С новыми акцентами в религиозных убеждениях Ламартина связана и эволюция его взглядов на историю, социальный прогресс и современную политику: его монархические убеждения корректируются теперь либеральной идеей конституционного монархизма. «В 1830 году я принадлежал к школе Лэне и Руайе-Колара»[366]
, — вспоминает он позднее. Сочувствие либерализму и события Июльской революции все больше побуждают Ламартина к политической активности: «Нейтральная позиция в 1830 г., на мой взгляд, — преступление против самого себя, непоправимая моральная травма», — утверждает он в одном из писем в 1831 году[367] и чуть позже еще раз возвращается к этой мысли: «События никогда не бывают нейтральными, значит, и мы сами не имеем права придерживаться нейтралитета». Эти слова, говорит он, могли бы послужить эпиграфом к его статье «О разумной политике», написанной для «Revue Européenne», а затем вышедшей отдельной брошюрой в 1831 году.Июльскую революцию Ламартин воспринимает как акт, открывающий новую страницу общественной истории, устремленной к реализации христианских принципов свободы и равенства. С интересом и надеждой он встречает назначение премьер-министром Казимира Перье, ожидая увидеть в нем мудрого политического деятеля, а монархию Луи-Филиппа оправдывает как диктатуру, необходимую, чтобы противостоять анархическому возмущению и беспорядкам.
Таким образом, проблема отношения к Июльскому режиму решается Ламартином без колебаний.
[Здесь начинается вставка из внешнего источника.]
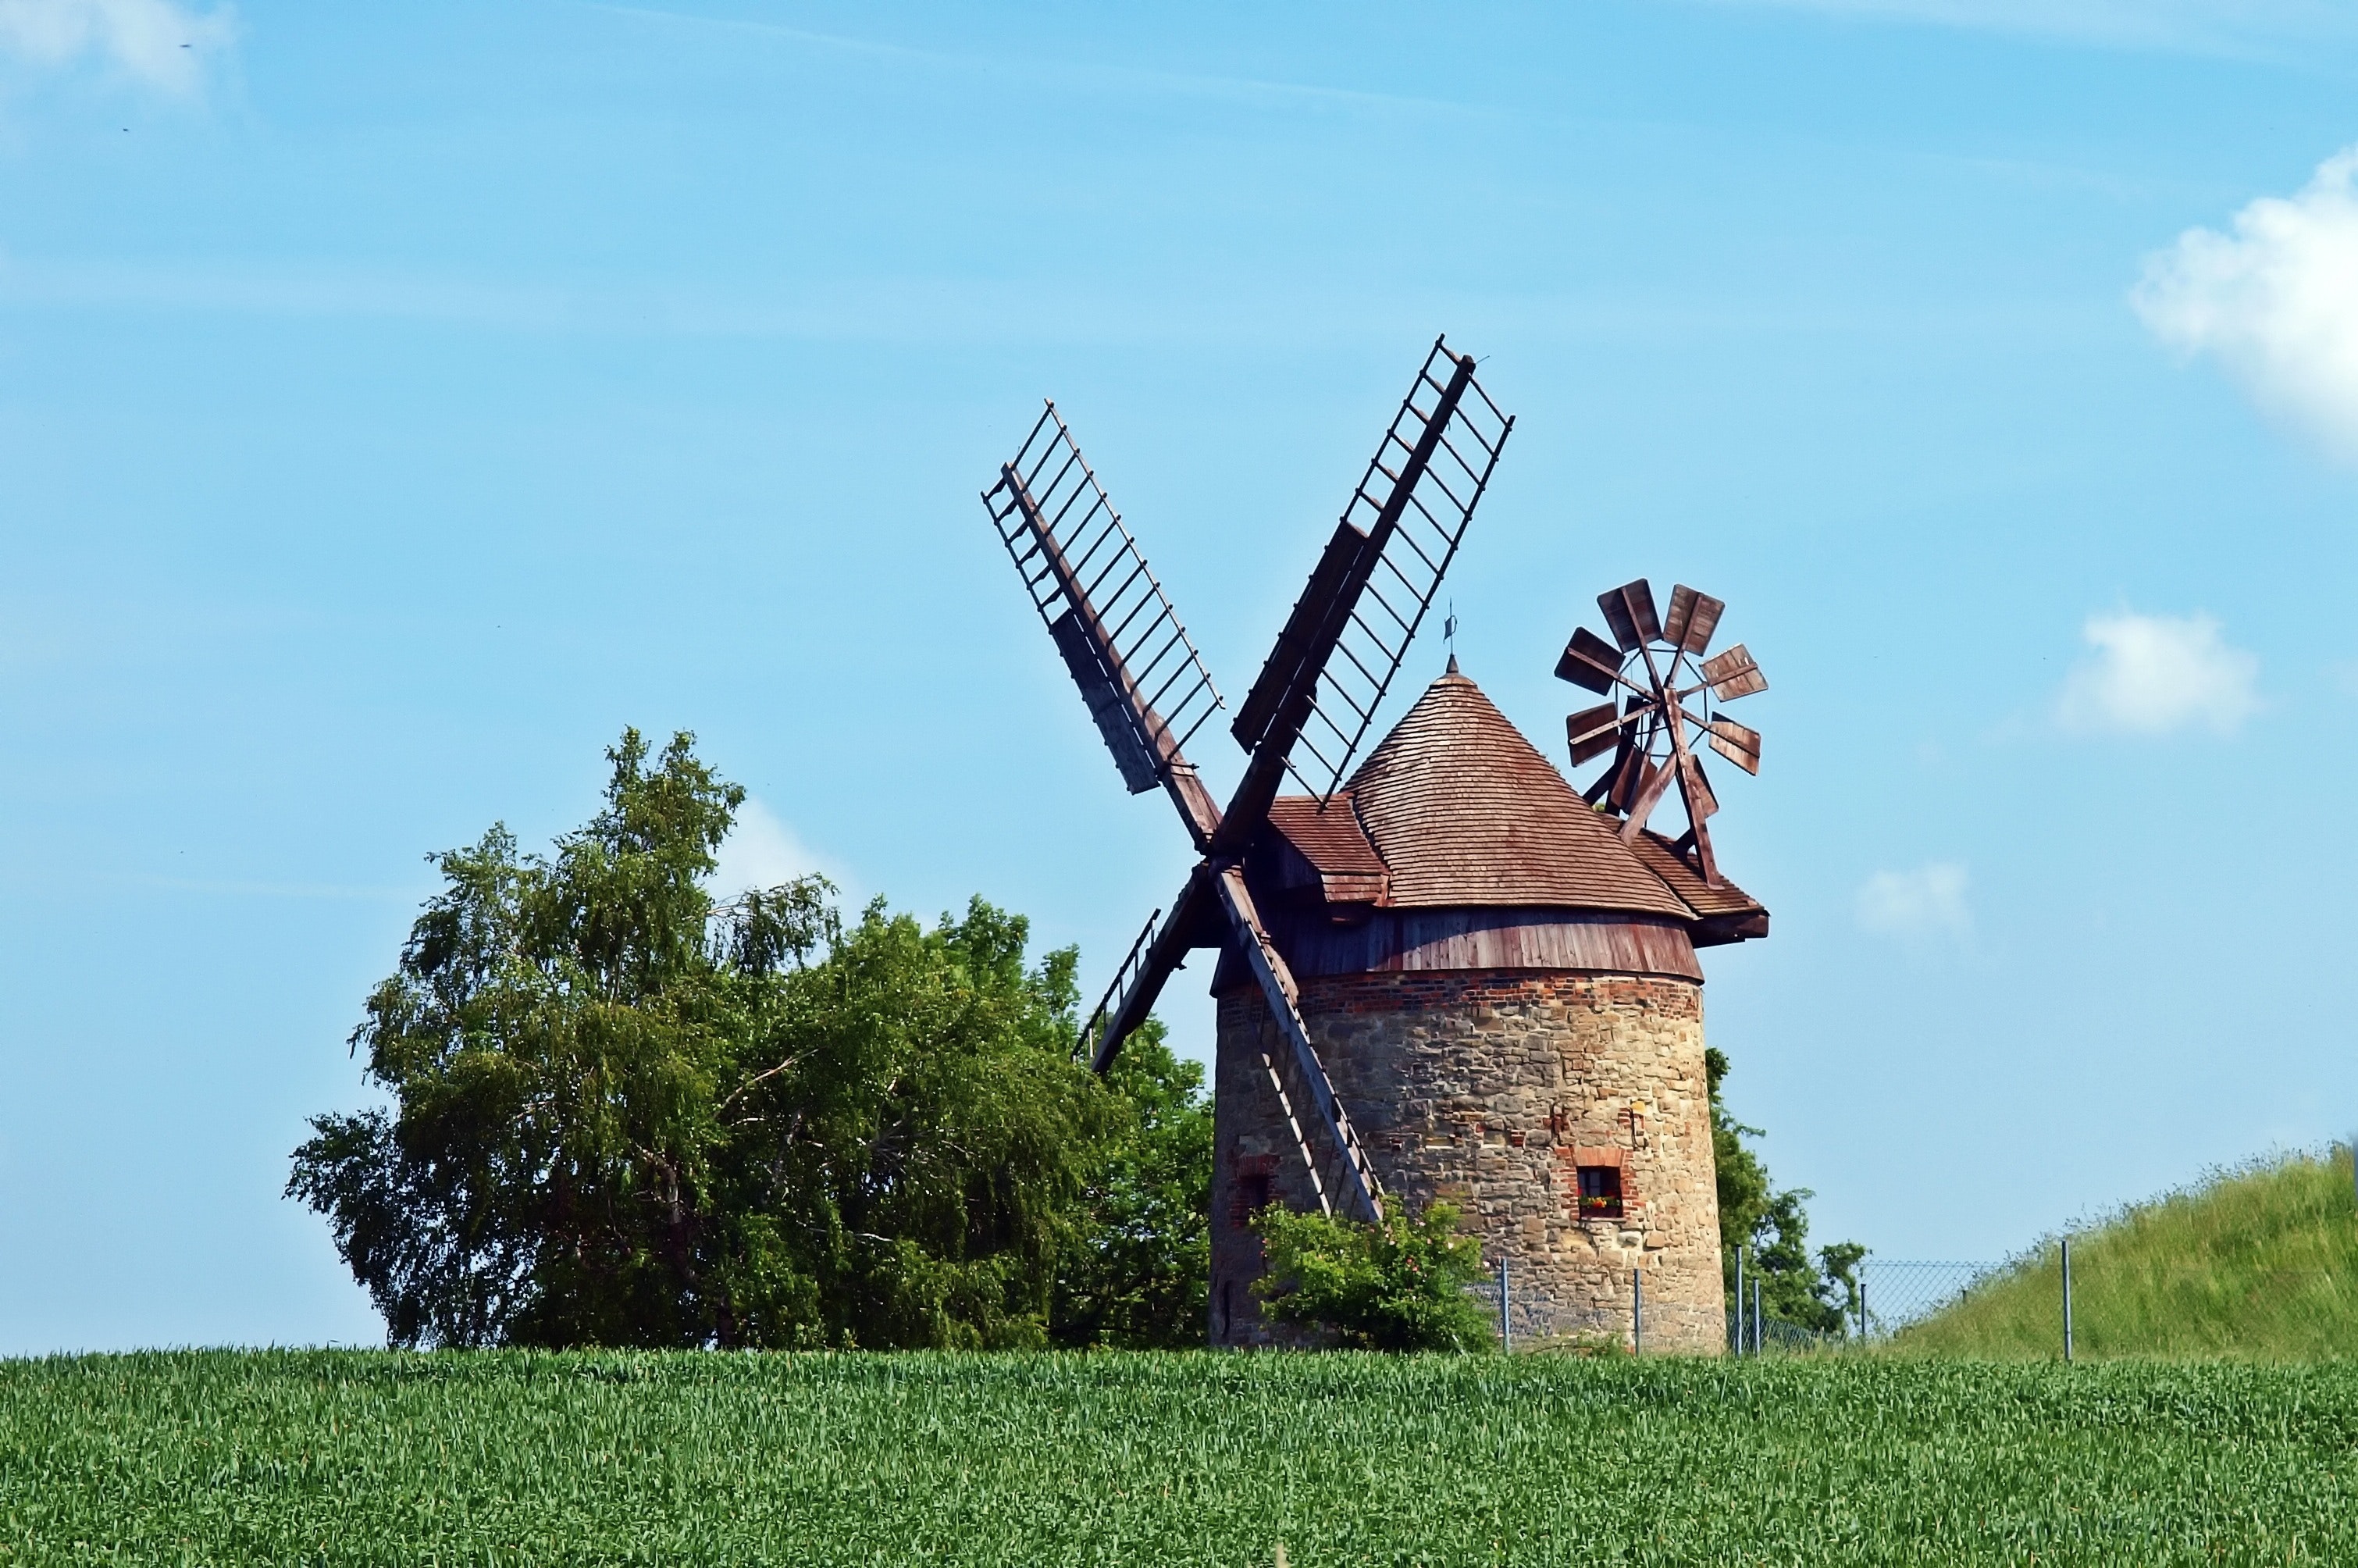 Brown and gray windmill beside green tree under blue cloudy sky during day time photo

Вопрос для него заключался в том, как сделать новую монархию воплощением идей, которые представлялись ему наиболее справедливыми и истинными. Основой власти он признает разум, понимаемый как божественная воля (raison divin) и одновременно как общественное мнение (consentement commun). Божественная воля — это и есть высший закон, и от того, насколько человеческому разуму доступна закономерность событий, зависит правильная — «разумная» — или ошибочная политика. В статье «О разумной политике» он поддерживает требование всех демократических свобод, которые отстаивали современные либералы, причем гарантию личной свободы видит в свободе коллективной: «Когда свобода принадлежит не всем, она — всего лишь притеснение»[368]
. Понятие индивидуальной свободы в сознании Ламартина после 1830 года приобретает «позитивный» характер, что непосредственно связано с признанием относительности всех традиций, мнений, институтов. Такая свобода предполагает уважение к свободе и интересам другой личности, терпимость к чужому мнению.Неприятие крайнего индивидуализма прямо вытекает из усвоенного Ламартином принципа единства мира. Человеческая личность, будучи частицей единого целого и осознавая свою неразрывную связь с ним, обретает вместе с тем чувство своей индивидуальной ответственности за то, что происходит вокруг. Эгоистический же индивидуализм служит, по мнению Ламартина, источником трагического мировосприятия, потому что он делает человека слабым, лишая его возможности руководить собой, владеть своими страстями и желаниями: «Тот, кто никогда не может совладать с собой, слаб, даже если он торжествует над миром»[369]
. Достоинство и свободу человеческой личности Ламартин видит не в противопоставлении своего «я» всему миру, а в обуздании разумом своеволия, страстей и предрассудков, которые мешают взаимопониманию и объединению индивидуальностей. Свободный человек не отвергает любое мнение, кроме своего, и не отстаивает фанатически всегда ограниченную «истину» своей партии, он способен оценить и, может быть, частично разделить точку зрения, отличную от его собственной, соединив в своей индивидуальной системе взглядов то истинное и рациональное, что обнаруживается во всех современных философских, моральных, религиозных и политических идеях.(Мне чужд твой Бог, и я горжусь этим. Я поклоняюсь более великому Богу, который не проклинает тебя), — пишет Ламартин в «Ответе „Немезиде“», полемизируя с О.-М. Бартелеми. В обращении к избирателям Тулона он говорит о своем идеале «универсальной» свободы, подразумевающей уважение противоположных интересов, мнений и прав. Такая свобода отвечает духу нового, современного либерализма, который Ламартин противопоставляет прежнему (то есть якобинизму) как выражению «духа разрушения» (esprit destructeur).